Unnamed: 0,Experiment,MAE mean,MAE std
1,Gradient boosting,1468.580398,293.804816
2,Ridge cat,1637.133569,197.356747
0,Ridge num,2248.668911,329.195607


We can see that gradient boosting using only numerical features achieves the best mean MAE. However, the ridge regressor on both numerical and categorical features achieves a somewhat similar mean MAE, and better MAE standard deviation. Ridge regressor trained just on the numerical features is the worse, both in terms of MAE mean and MAE std. 

Which of _gradient boosting_ and _ridge cat_ should we choose?. We choose the ridge regressor, given its simplicity, reasonable MAE mean and lower variance, but it is not easy to get a definite answer here. 

Let's get an estimate of the generalization error for _ridge cat_, by computing MAE mean on the test set.

In [30]:
print('Ridge regressor mean MAE on the test set: {}'.format(
    -ridge_cat_gs.score(te.drop(['price'], axis=1), te.price)))

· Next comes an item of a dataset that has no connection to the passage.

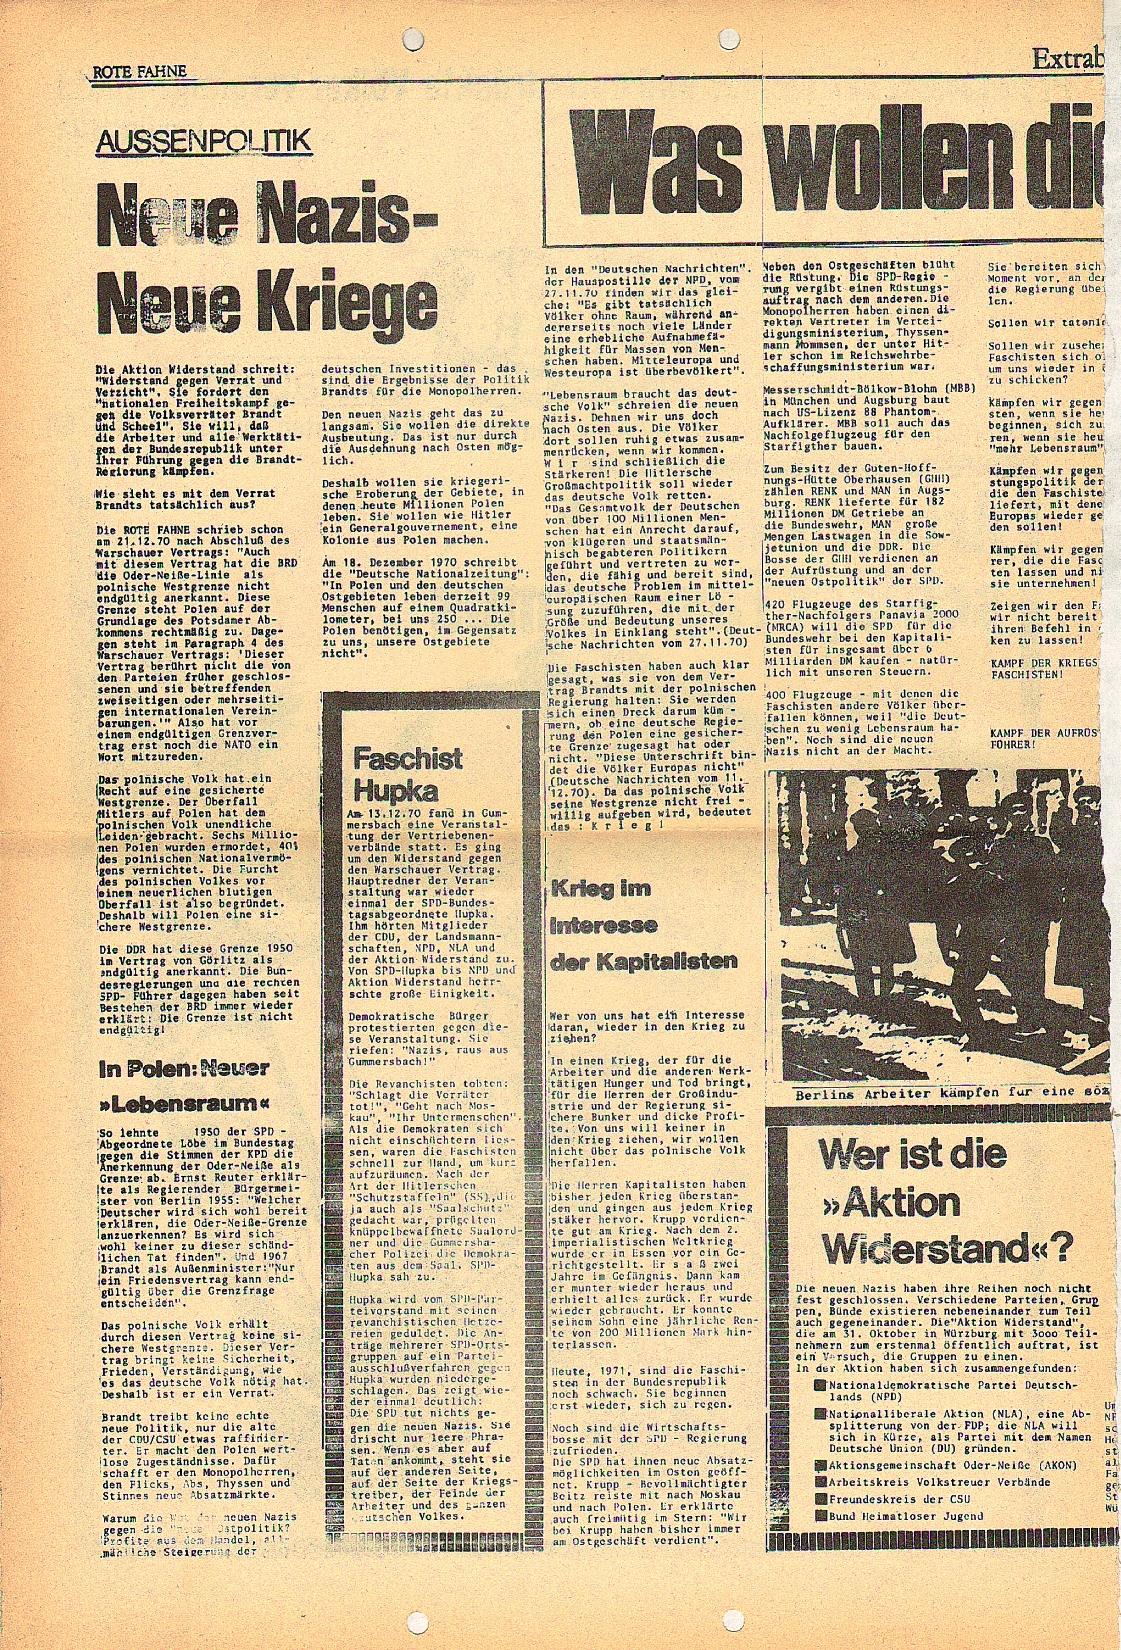 Rote Fahne, 2. Jg., Januar 1971, Extrablatt, Seite 2

Ridge regressor mean MAE on the test set: 2359.02668398


# Possible improvements

Below is a list of things that would be interesting to try.

1) Traim gradient boosting with both numerical and categorical features

2) Perform bootstrapping or nested cross-validation to get confident intervals for the estimated generalization error.

3) Analyze feature importance for the different models. Are there any key features? Do they provide useful insights into the use case?

4) Extend these features with an external dataset and check for improvements.